We were crouched at the end of Murat Baftijari, a street in the old Albanian quarter of Tetovo adjoining the road leading to the hills. A couple of streets higher up, two buildings were burning fiercely -Arsim said one was a home and the other a furniture workshop. Just around the corner there was a deafening firefight between a paramilitary post, which was blazing away with machine-guns and automatic rifles, and the snipers above.
What made everyone in the street cringe, however, was the occasional burst from a Macedonian sniper. The bullets from his long-barrelled rifle made a loud ripping sound and came uncomfortably close. Risking a quick look around the corner, I saw the sniper on top of an apartment building, running from one position to another.
In a basement near by, 50 women and children have been sheltering every night since the fighting around Tetovo began more than 10 days ago. With daylight most were able to return to their homes, but it was too dangerous for Nexhibe Ademi, 32, and Gezime Islami, 43, both wearing traditional headscarves, who were helping to look after about 10 of the youngest children.
Ms Ademi said: "When the shooting first started we told them it was just a big wedding party, but after a week they began saying 'This party's taking an awfully long time'. Some of them are starting to get traumatised."
Like nearly every other Albanian in Tetovo, however, they insisted on their rights.
"We don't want war, but we support the boys up the hill," said Ms Islami. "Without this, our children will have no right to go to school or earn a living in Macedonia."
As they spoke the Macedonian government was deploying more firepower than ever in its efforts to crush the insurgency.
Returning to central Tetovo to reach the old Macedonian quarter of Koltuk, we saw a helicopter gunship firing rockets at another hillside.
Fires were burning all along the range of hills which encircles the town, some of them in areas which had remained untouched until yesterday, such as the village of Gajre, only a mile or two from Tetovo but several hundred feet higher.
Koltuk lies at the base of the steepest hill overlooking Tetovo, topped by an old Turkish fort which has been pounded ceaselessly since it was seized by the rebel National Liberation Army. "It's a great victory," said a Macedonian man standing at the door of his home. "They've driven them back to Kosovo.
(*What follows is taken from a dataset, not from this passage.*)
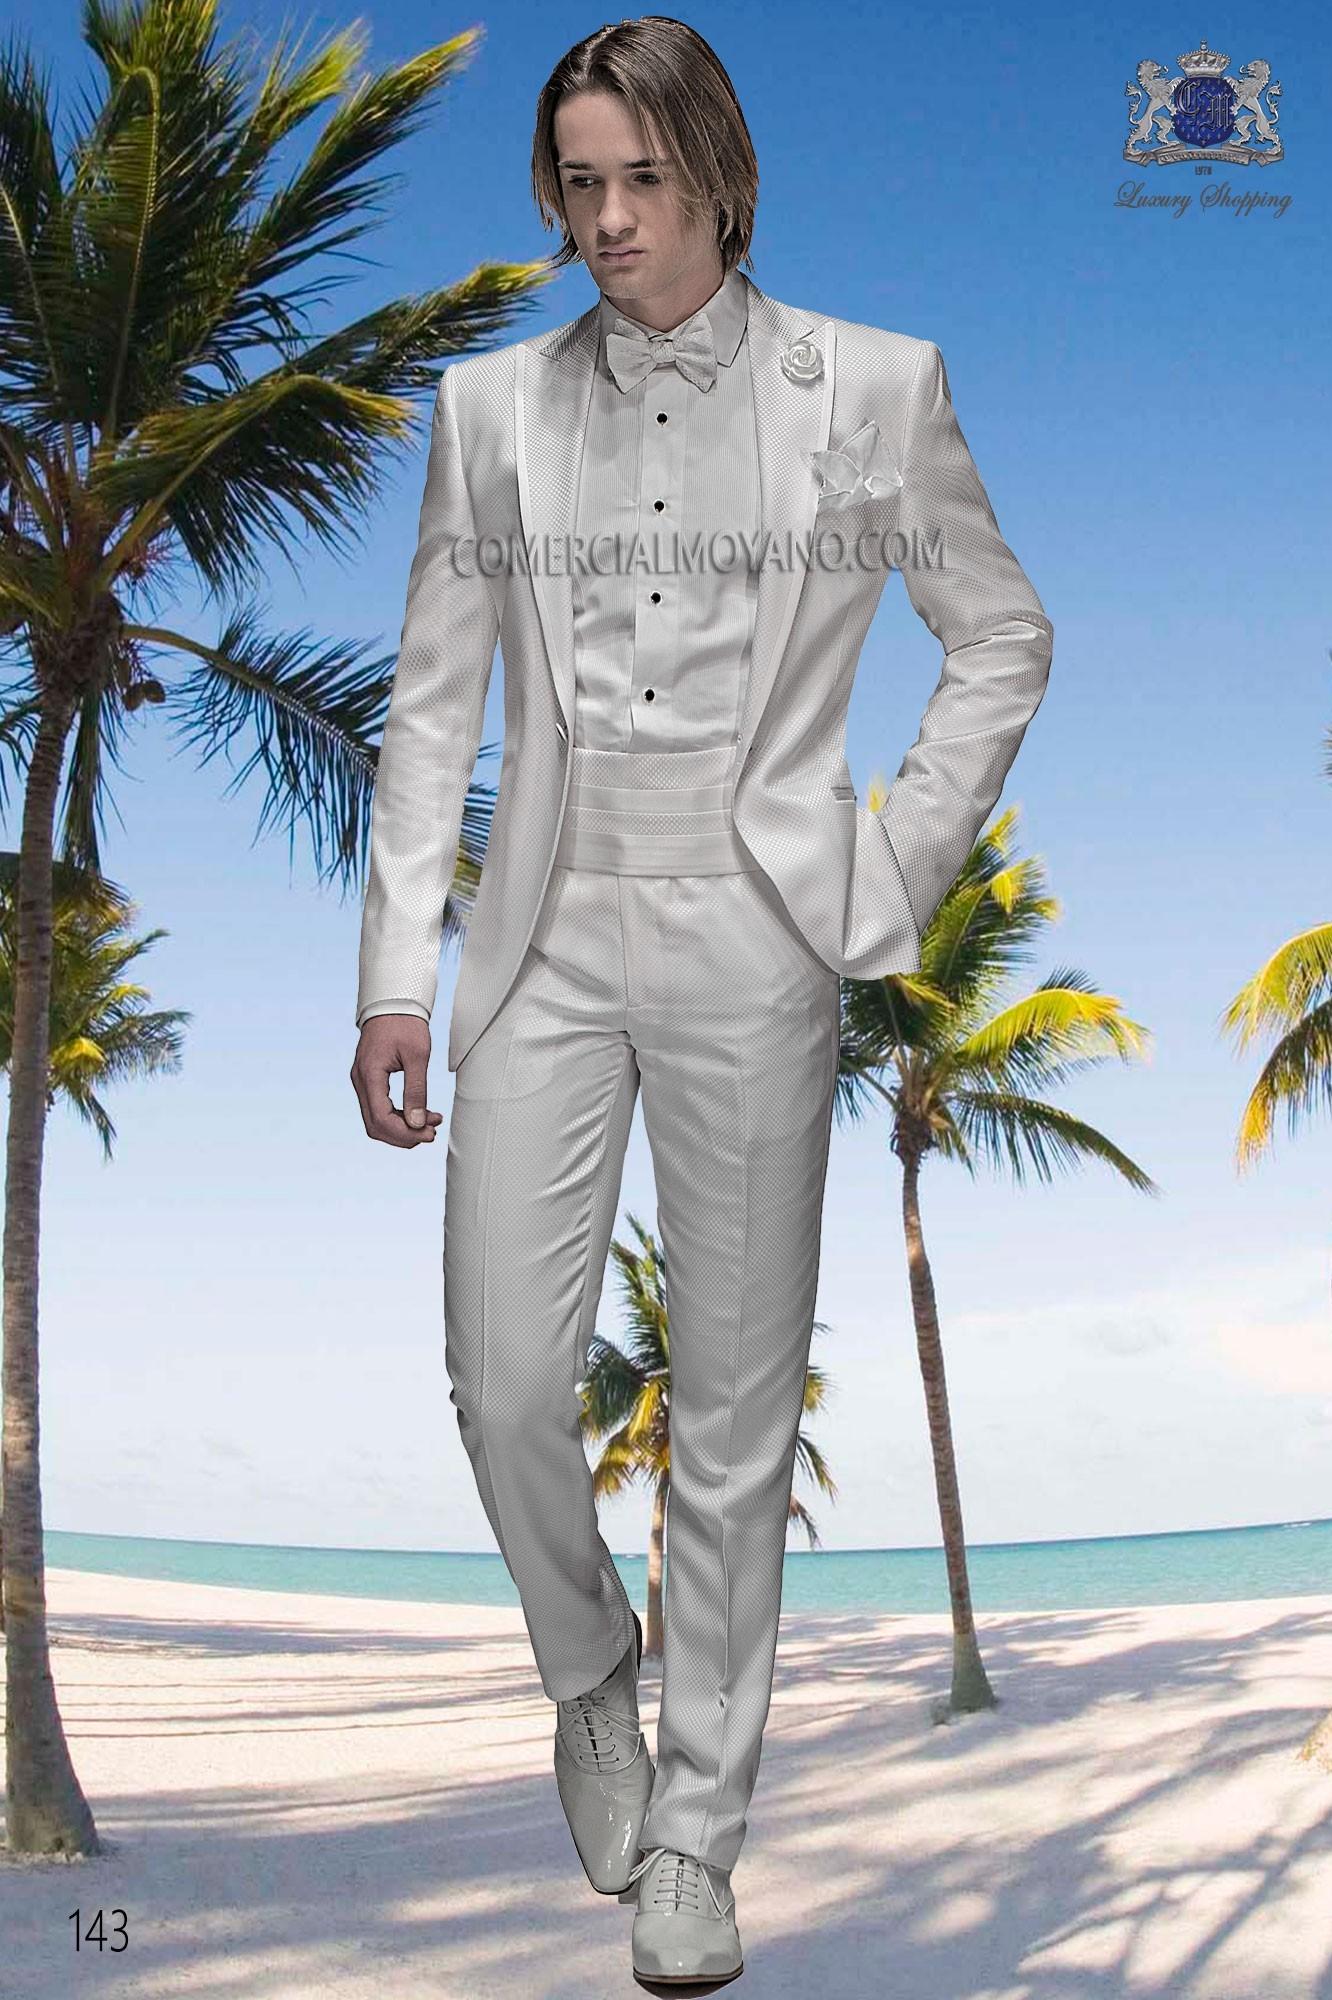 Traje de novio Hipster blanco modelo: 143 Ottavio Nuccio Gala colección Hipster 2017
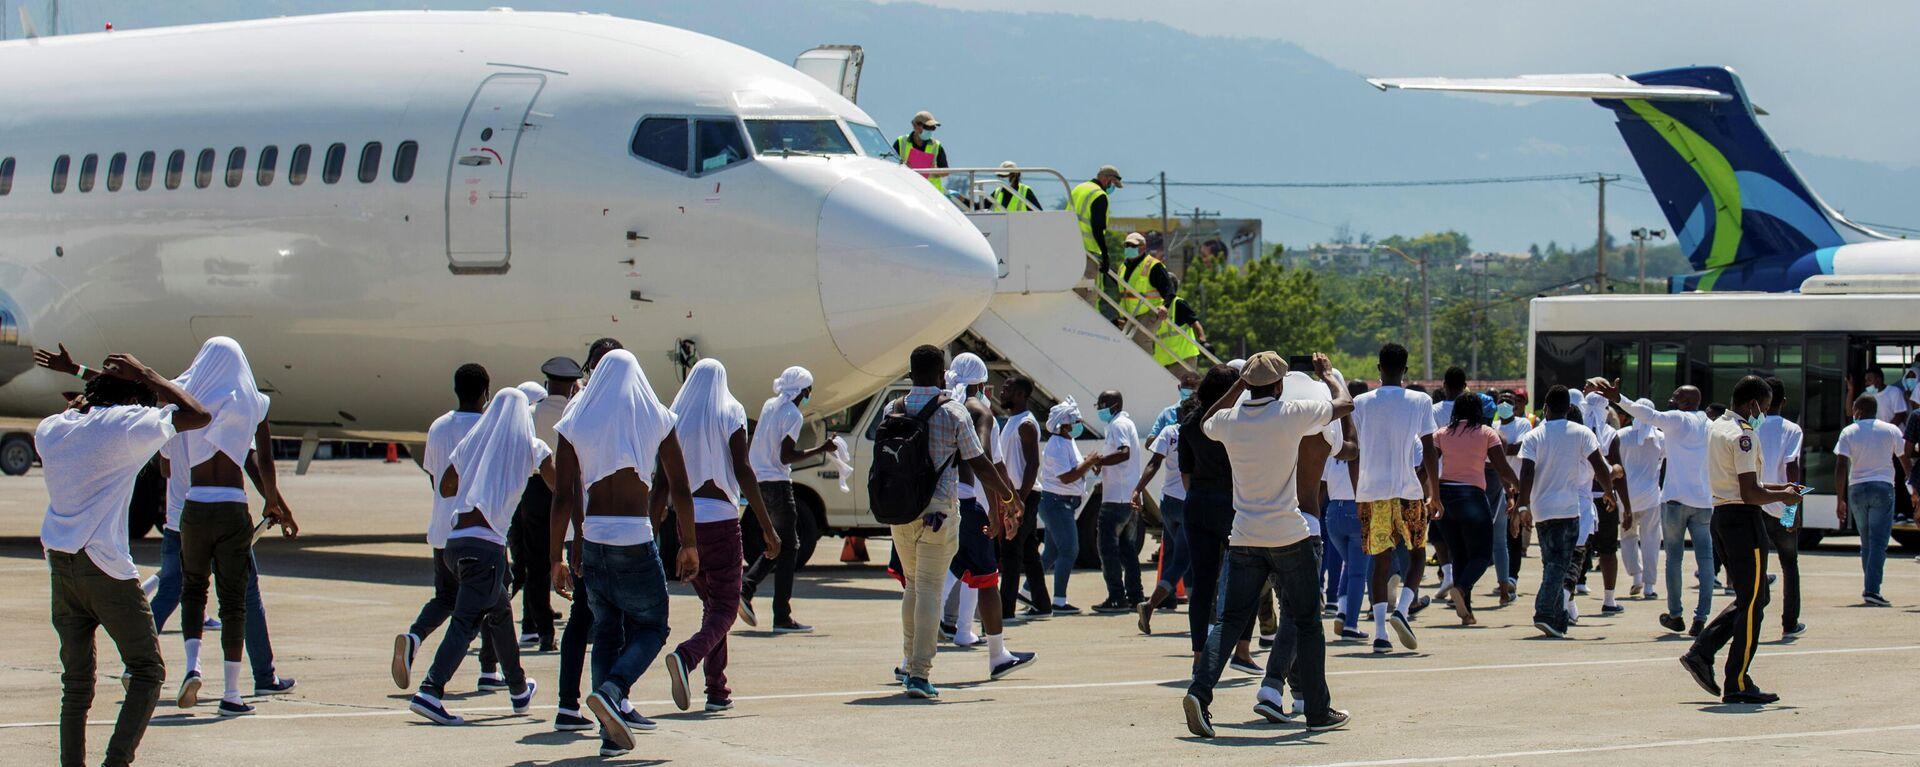 Sınır dışı edilen Haitililer, Texas uçağına yeniden binmeye çalıştı - Sputnik Türkiye, 1920, 23.09.2021

For 10 days we couldn't get out of our houses because of them."
But he was the only person we encountered on the steep climb through cobbled lanes of half-timbered houses to Gotse Delchev Street, named after a Slavonic hero. Miroslav Simovski, a student aged 20, explained why. "There's still a sniper up there taking pot-shots at people," he said.
The police had put a barrier across the street warning people to go no further. Underlining the danger, there was a trail of blood from the house across the road, where two mortar bombs wounded four people on Saturday.
Although the assault had visibly lifted the mood of Miroslav and his friends, he was less triumphalist than his neighbour. "If they can push the terrorists out, I believe things can return to normal within months," he said.
"Tetovo was peaceful before, and we got on well withthe Albanians."
But, added Miroslav: "It isn't over yet." The words were no sooner out of his mouth than there was another huge explosion high above.